* Information provided *

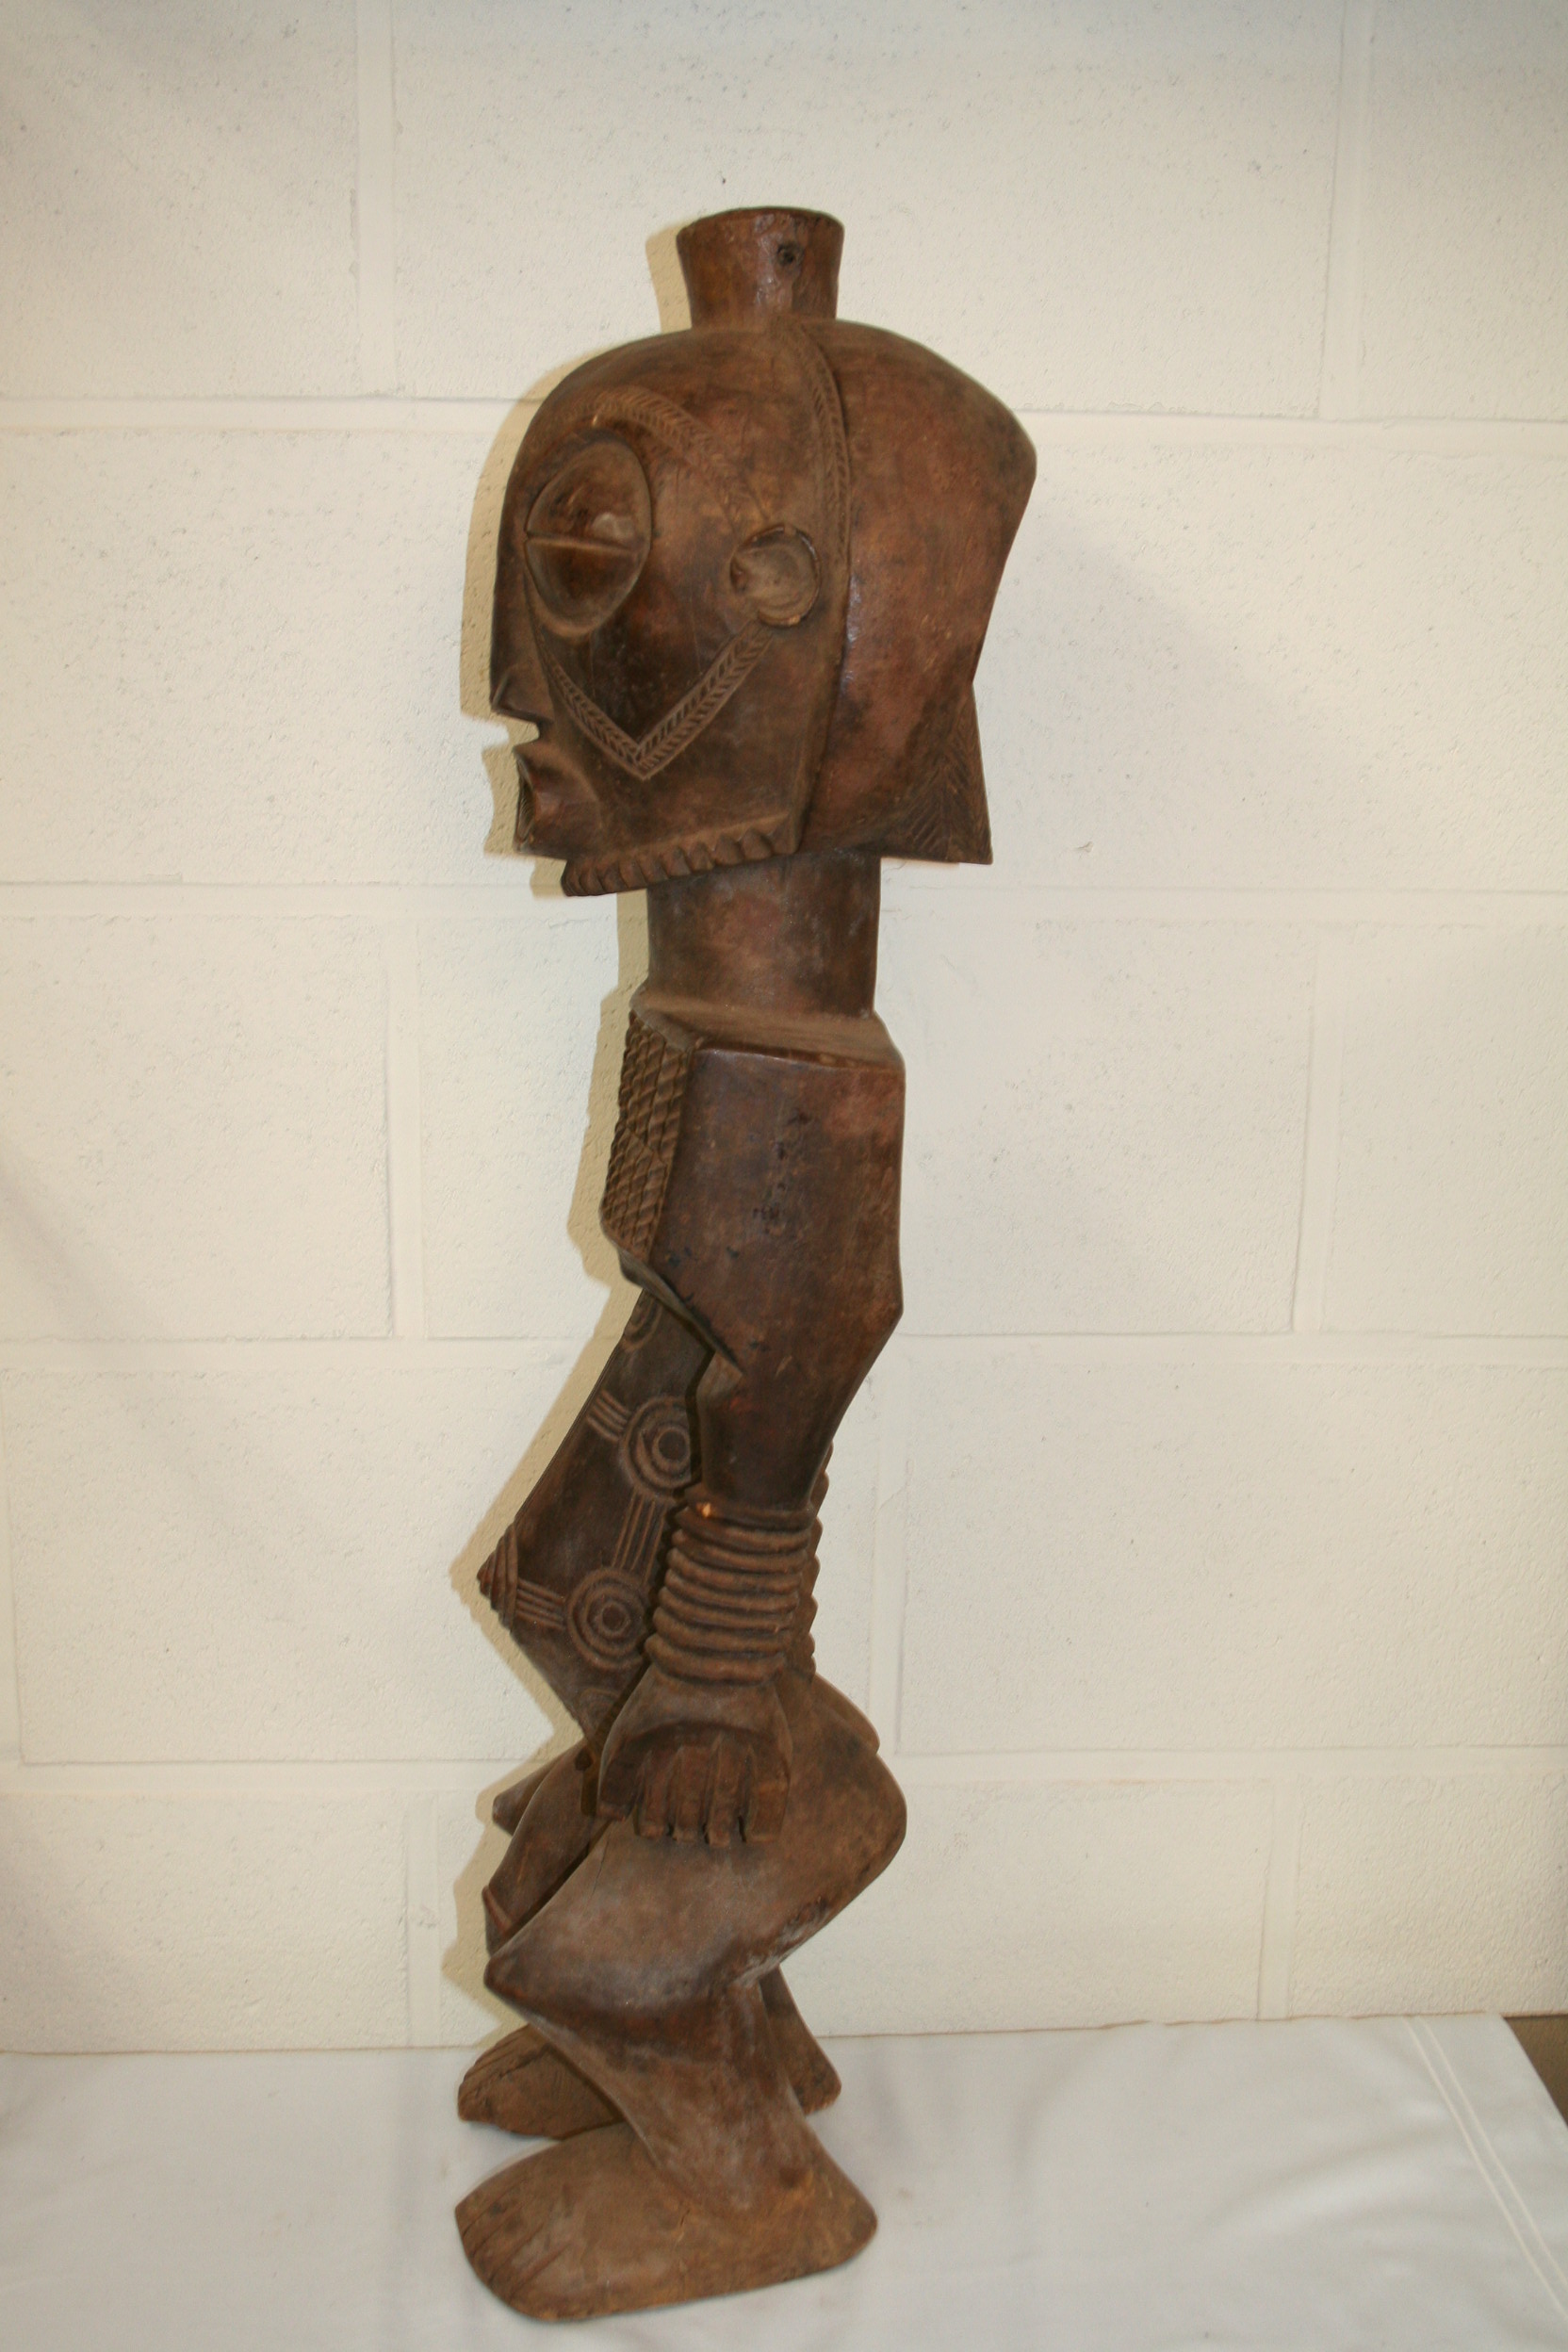 Boyo (statue 77 cm.)), d`afrique : R.D. du Congo, statuette Boyo (statue 77 cm.)), masque ancien africain Boyo (statue 77 cm.)), art du R.D. du Congo - Art Africain, collection privées Belgique. Statue africaine de la tribu des Boyo (statue 77 cm.)), provenant du R.D. du Congo, 1616 Très belle statue Boyo h.77cm.Une tête ronde de taille exagérée avec des yeux globuleux,des petites jambes.Les motifs circulaires sont omniprésent dans les statues Boyo Les statues sont gardées dans des cases spéciales et montrées par serie de cinq ou plus et étaient placées en rang
milieu de 20eme sc.. art,culture,masque,statue,statuette,pot,ivoire,exposition,expo,masque original,masques,statues,statuettes,pots,expositions,expo,masques originaux,collectionneur d`art,art africain,culture africaine,masque africain,statue africaine,statuette africaine,pot africain,ivoire africain,exposition africain,expo africain,masque origina africainl,masques africains,statues africaines,statuettes africaines,pots africains,expositions africaines,expo africaines,masques originaux  africains,collectionneur d`art africain
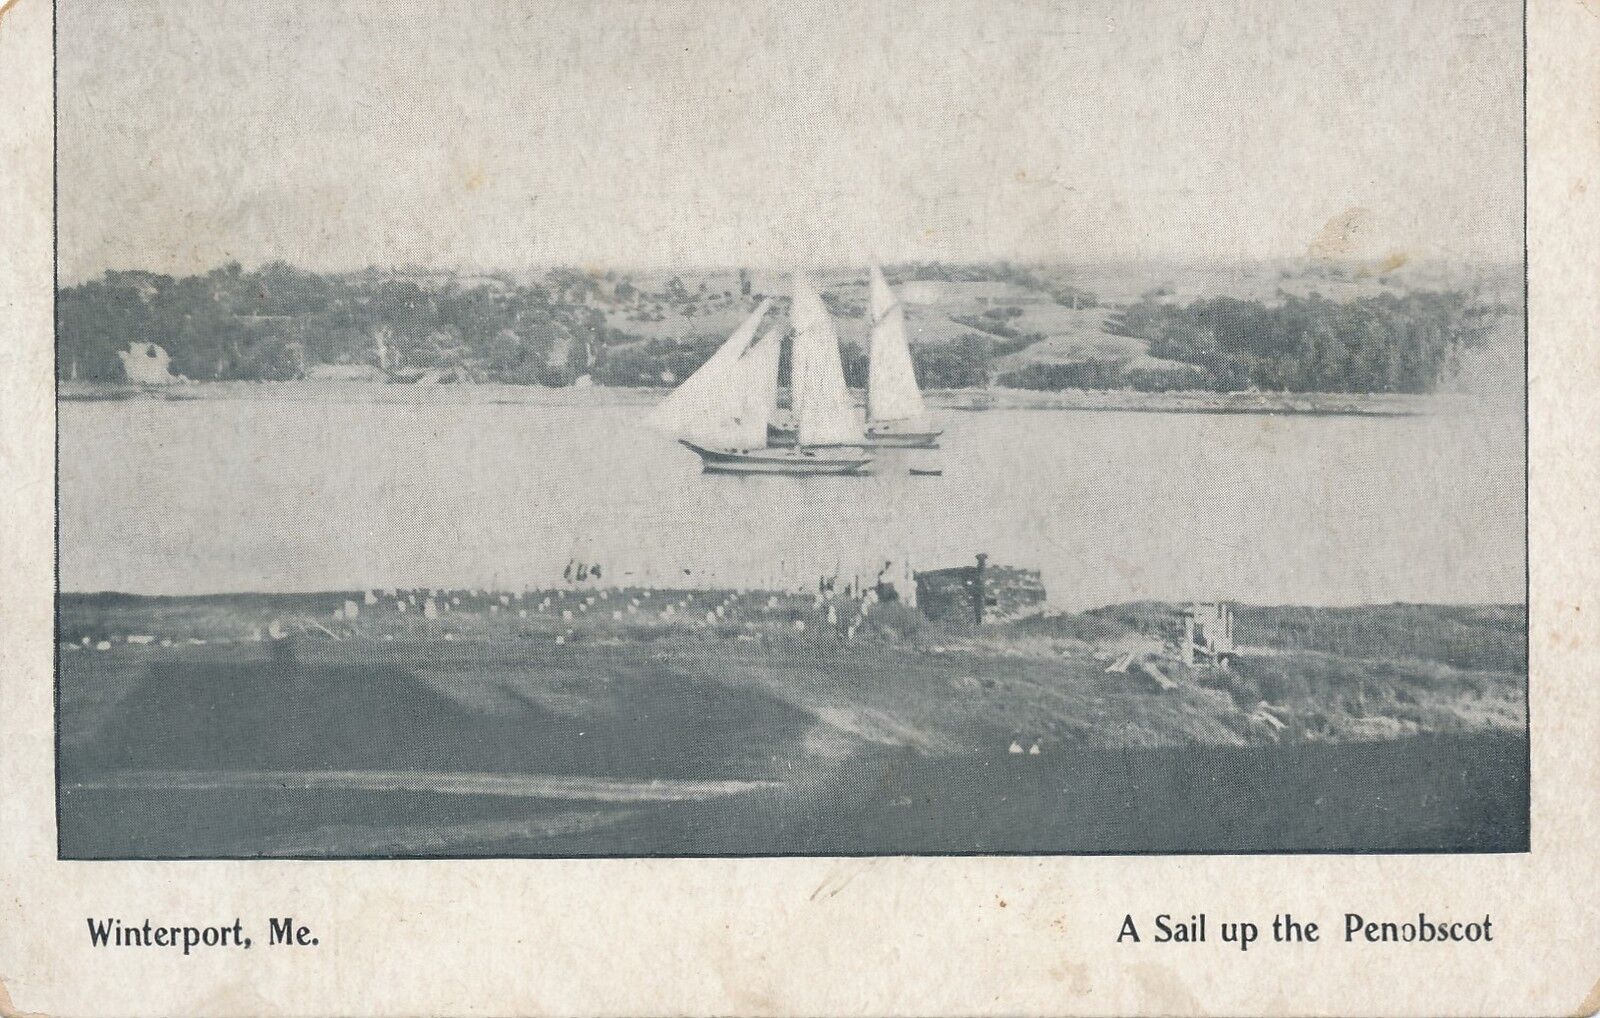 WINTERPORT ME – A Sail Up the Penobscot – udb (pre 1908)
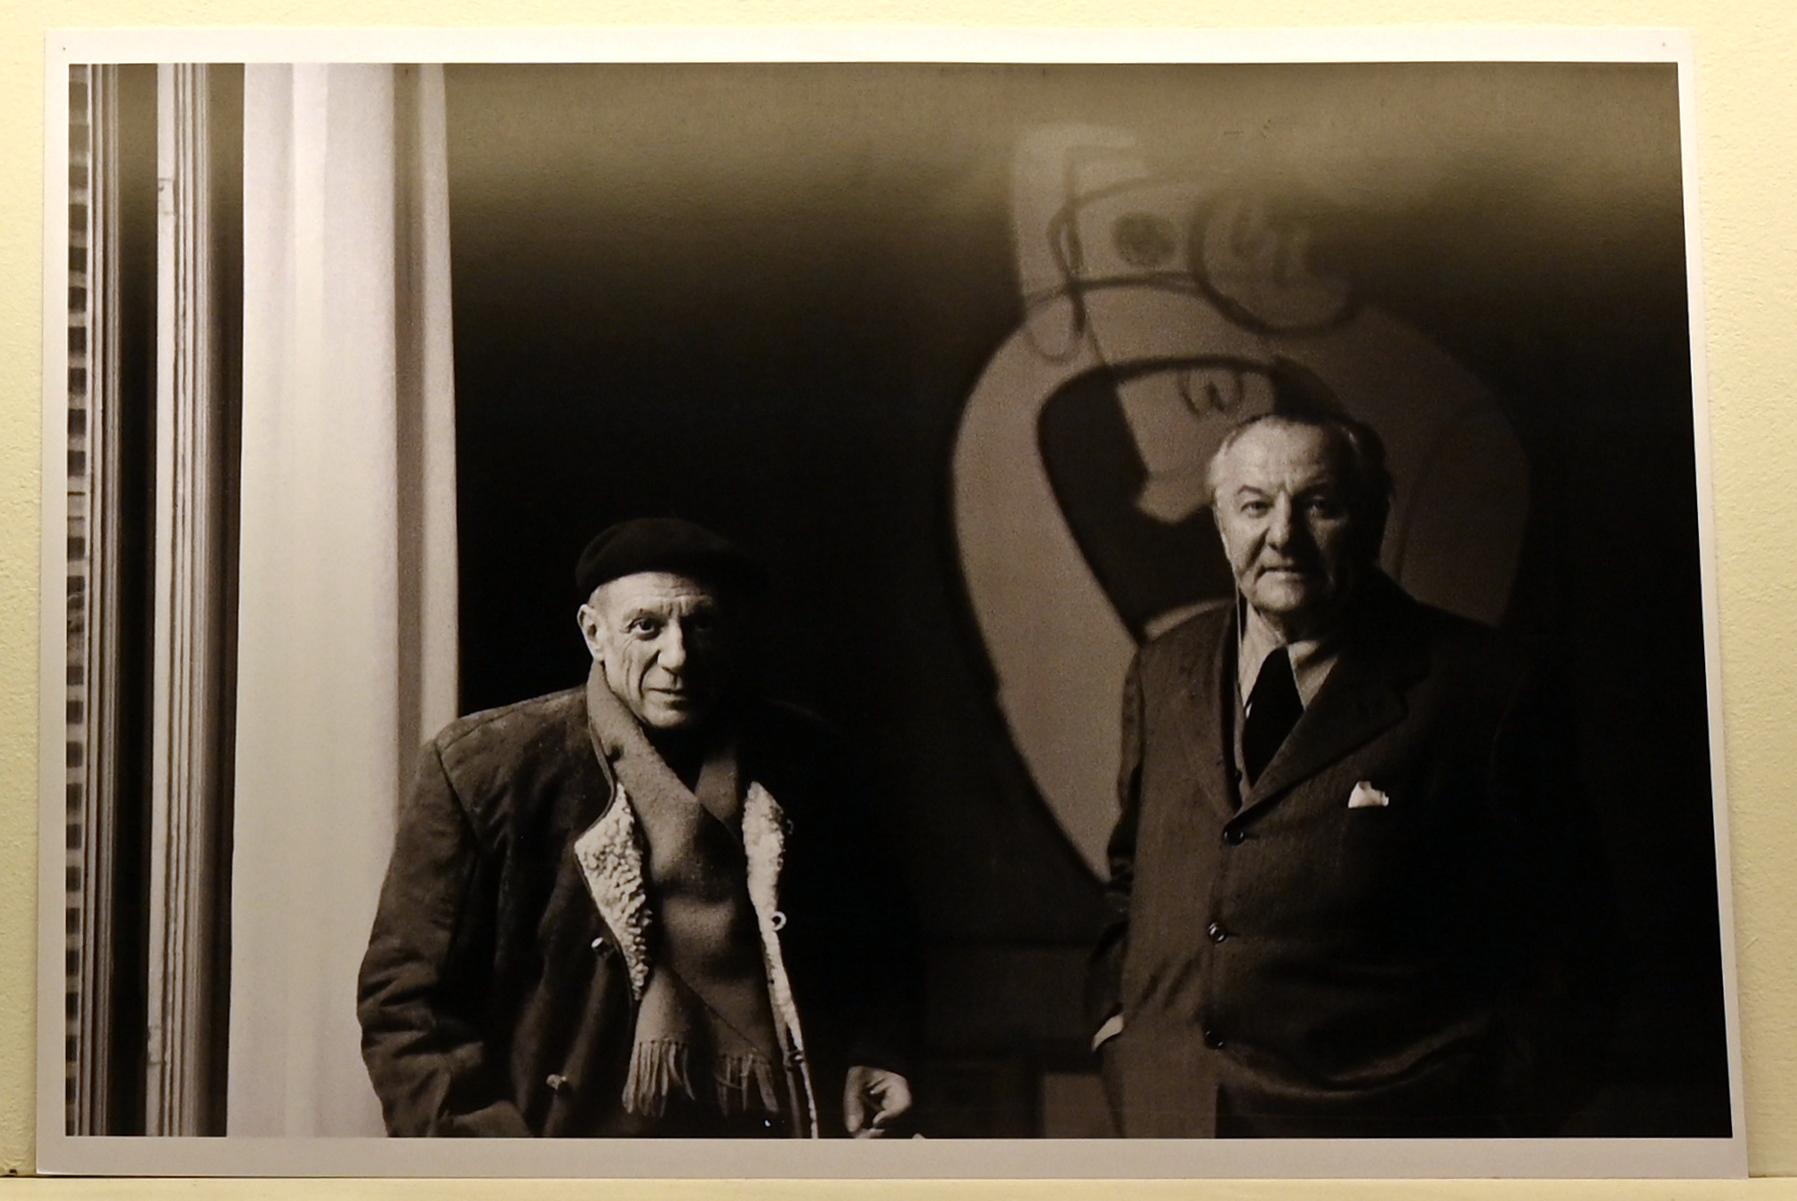 Hans Hofmann und Pablo Picasso in Hofmanns Ausstellung, Galerie Maeght, Paris, Neumarkt in der Oberpfalz, Museum Lothar Fischer, Ausstellung "Hans Hofmann. Chimbote 1950 - Farben für die neue Stadt" vom 23.10.2022-29.01.2023, 1949

* Exercise aim *
Reproduce the data above exactly, leaving out any picture in it.

* Response *
 Boyo (statue 77 cm.)), d`afrique : R.D. du Congo, statuette Boyo (statue 77 cm.)), masque ancien africain Boyo (statue 77 cm.)), art du R.D. du Congo - Art Africain, collection privées Belgique. Statue africaine de la tribu des Boyo (statue 77 cm.)), provenant du R.D. du Congo, 1616 Très belle statue Boyo h.77cm.Une tête ronde de taille exagérée avec des yeux globuleux,des petites jambes.Les motifs circulaires sont omniprésent dans les statues Boyo Les statues sont gardées dans des cases spéciales et montrées par serie de cinq ou plus et étaient placées en rang
milieu de 20eme sc.. art,culture,masque,statue,statuette,pot,ivoire,exposition,expo,masque original,masques,statues,statuettes,pots,expositions,expo,masques originaux,collectionneur d`art,art africain,culture africaine,masque africain,statue africaine,statuette africaine,pot africain,ivoire africain,exposition africain,expo africain,masque origina africainl,masques africains,statues africaines,statuettes africaines,pots africains,expositions africaines,expo africaines,masques originaux  africains,collectionneur d`art africain
 WINTERPORT ME – A Sail Up the Penobscot – udb (pre 1908)
 Hans Hofmann und Pablo Picasso in Hofmanns Ausstellung, Galerie Maeght, Paris, Neumarkt in der Oberpfalz, Museum Lothar Fischer, Ausstellung "Hans Hofmann. Chimbote 1950 - Farben für die neue Stadt" vom 23.10.2022-29.01.2023, 1949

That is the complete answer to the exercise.